Zitat des Tages von Ingrid Betancourt:
You are a free woman, and then you become a prisoner, and you receive all kinds of orders. Sit here, stand there. That's it. You just, you don't have the possibility of even moving to take your bag without asking for permission.
I love Colombia's military. I love my country.
More than a victim, I am a survivor of a dehumanization process.
In Colombia, women are a huge factor for reconciliation. I have seen many strong women advocating for negotiations. I remember when the paramilitary were active, there were women close to the paramilitary asking for negotiations.
In the jungle, every day is like the other. So you need to have a special discipline to make things different and to keep in your memory the dates and the days.
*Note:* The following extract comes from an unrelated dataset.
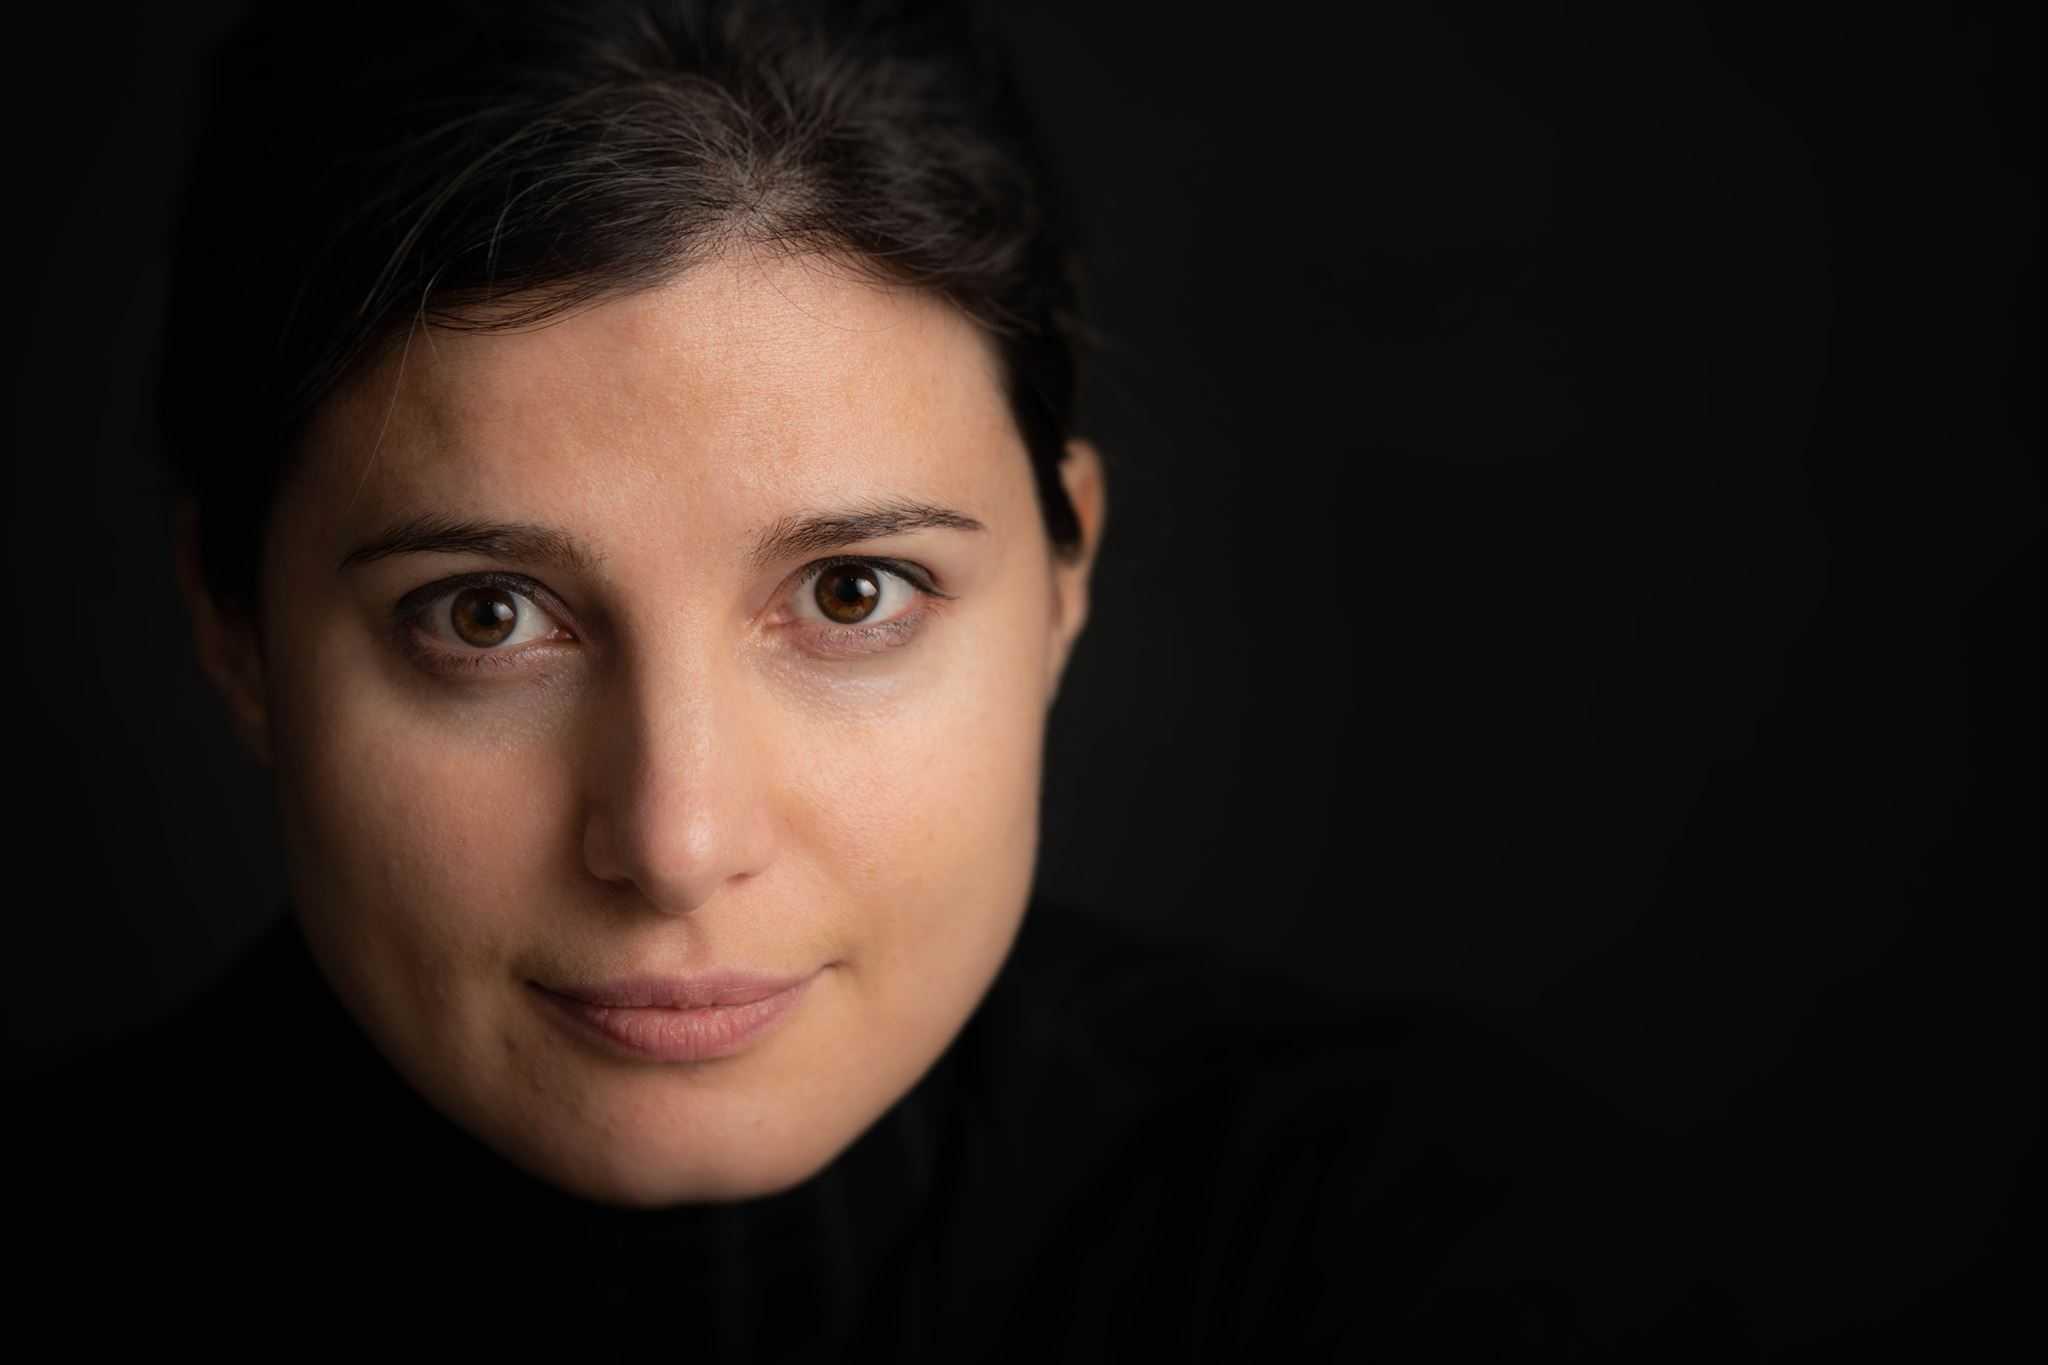 Yulia Sokolov

And I think that's something that's very important when you are held hostage.
France is my home; you are my family. I am carrying all of you in my heart.
Living in a jungle is not something easy; it's not something that you just adapt yourself to. And I think that in my case, I didn't want to adapt.
You need tremendous spirituality to stop yourself falling into the abyss.
These years after my liberation were years of reconstruction, and I think I made the right decisions... I mean, I lost everything: my life; my father died; I didn't know anything about my children.
When you lose your freedom, you are alone with your emotions and reactions... you can see, for example, the bad reactions you have in front of others or the way you could be dismissive or harsh.
It's easy when you have suffered to feel the link with what others have gone through.
When you have a chain around your neck, you have to keep your head down and try to accept your fate without succumbing entirely to humiliation, without forgetting who you are.
You only can rest when have the truth, even when it's horrible.
I have to forget in order to find peace in my soul and be able to forgive.
I had this belief that I couldn't just accept to be treated as an object. It was a problem of dignity.
The voice of the Holy Father was like a light.
At first, I didn't want to accept that I had been abducted. I kept thinking, 'Next week, I'll be freed.'
I was in chains all the time, 24 hours a day, for three years. I tried to wear those chains with dignity, even if I felt that it was unbearable.
We're humans. Why always turn human attitude into political behaviours? I hate that.
In captivity, one loses every way of acting over little details which satisfy the essentials of life. Everything has to be asked for: permission to go to the toilet, permission to ask a guard something, permission to talk to another hostage - to brush your teeth, use toilet paper, everything is a negotiation.
On one hand, it seems strange that a country that has suffered so much from violence and war would be debating if they want peace or not. But in Colombia, a part of society is deeply connected with the war as a means of making a living.
In the jungle, faith also became something very real; it helped me to understand what was happening to me and changed my questions.
I continue with the illusion of serving Colombia. Only God knows if it were to be from the presidency.
After six years without seeing one, I love just seeing a smile - every smile I see gives me hope.